Friday, July 18, 2008

Nursing the cuts

While education conservatives continue to claim that talking about the need for adequate resources for public schools equals “making excuses” for low test scores, I’m blown away by this latest report on the lack of school nurses. It seems that 25% of the nation’s public schools now have no nurse on staff. Federal guidelines call for one school nurse for every 750 students but the national average is now 1 nurse for every 1,151 students. Teachers are more and more being forced to take on the role of care giver to ailing students. This comes at a time when 16% of students have a condition that requires regular attention from the school nurse.

Conservatives like Chester Finn turn this issue upside down. Here he is on his on Gadfly blog:

A quarter century after A Nation at Risk, a growing number of America's education leaders appear to be abandoning hope for schools that significantly boost student achievement and are instead coming to view schools as multi-service community centers that do everything but teach.

You see, to people like Finn, having nurses based in the school would be “doing everything but teaching.” Even his own Fordham Foundation mentee Mike Petrilli, seems to have broken with him on this one. Finn in turn, not only rebukes poor Mike, but even compares him with the devil herself—AFT prez Randi Weingarten.

I’m not sure how to deal with the “excuses” argument. I’ll try speaking their language. How about this—if you have thousands of ailing kids in schools with no immediate nursing care available and if you have thousands of untrained teachers patching up, rather than teaching these (often seriously) ailing kids reading and math, won’t this create downward pressure on TEST SCORES?

There, that ought to get a rise out of him.


Things that make you go, “hmmm”

Philly’s horrible record with privately-managed charter schools didn’t prevent them from handing out eight more charter school planning grants. And what are the schools they are considering? How about a grades 7-12 school for prepare students to work on construction jobs? Or how about a school specifically for Russian immigrants? Remember the storm in New York over the Arab language and culture school, the Kahlil Gibran International Academy, which forced principal Debbie Almontaser out of her job?. Or how about a high school for “at-risk” kids? (At risk being a code word for what?) I haven't heard too many kids lately, referring to themselves as "at risk." Have you? I think it's Philly's Reform Commission that's at risk here.

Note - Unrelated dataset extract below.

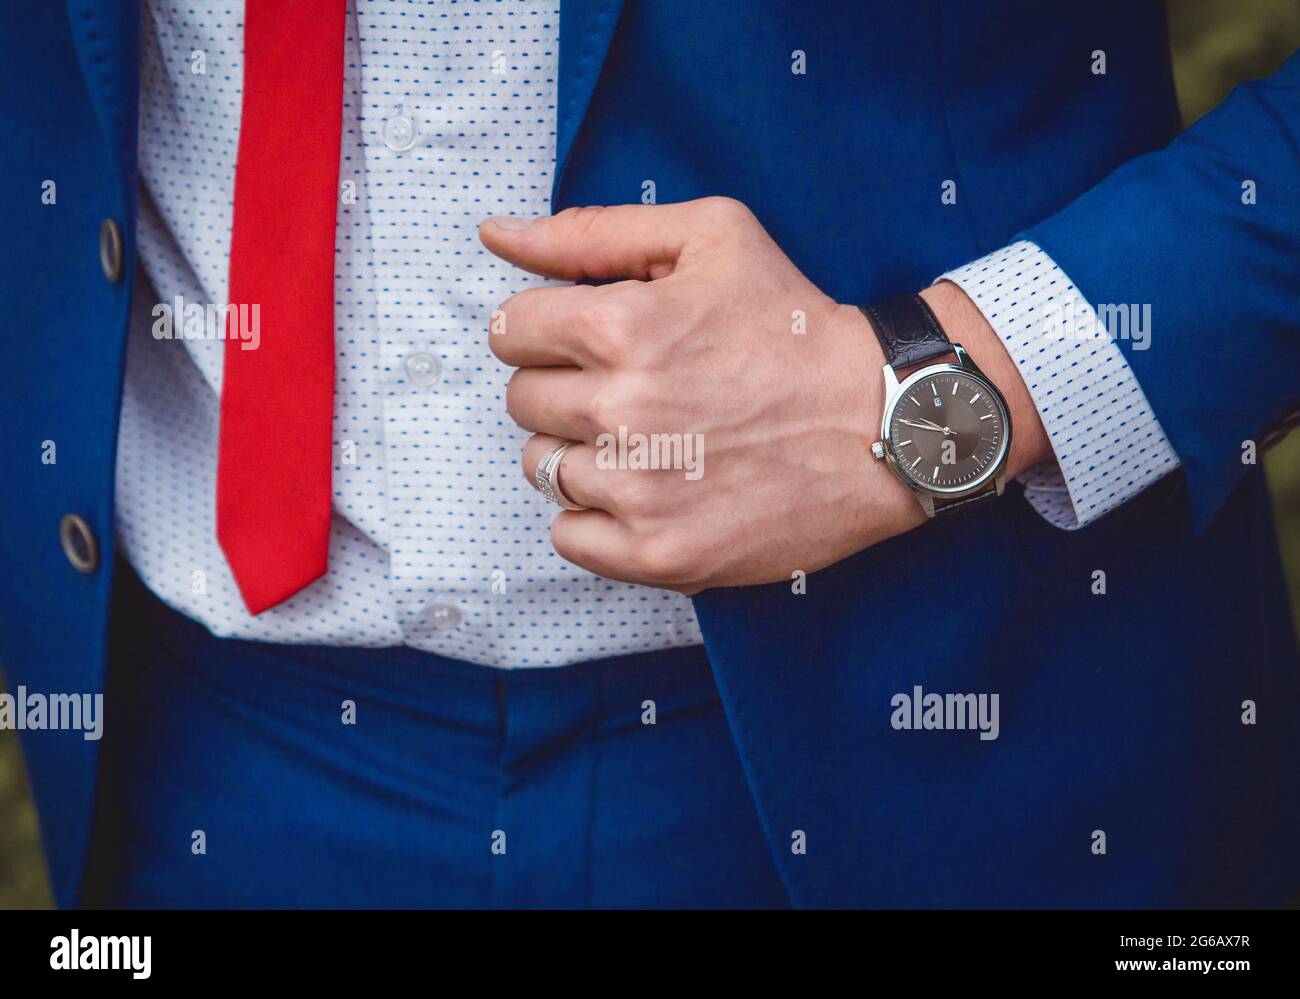 Die Hand eines Mannes mit einer Handuhr hält sich an einem blauen Anzug vor dem Hintergrund eines weißen Hemdes und einer roten Krawatte, einem Kleidungsstil für Geschäftsleute Stockfoto

What is it with these guys?

The other day it was NBC’s Matt Lauer referring to Barack Obama as “Osama.” This morning on MSNBC’s Morning Joe, it was Dan Rather praising Jesse Jackson as someone who set the stage for “Osama Bin Laden’s” candidacy. After each gaff, no corrections or apologies were made.


1 comment:

  1. mixing the words obama and osama is understandable, it's happened to me several times and i certainly know the difference between the two. but this morning, rather said "osama bin laden". barack does not rhyme with "bin laden". that's a new level of ass-hattery.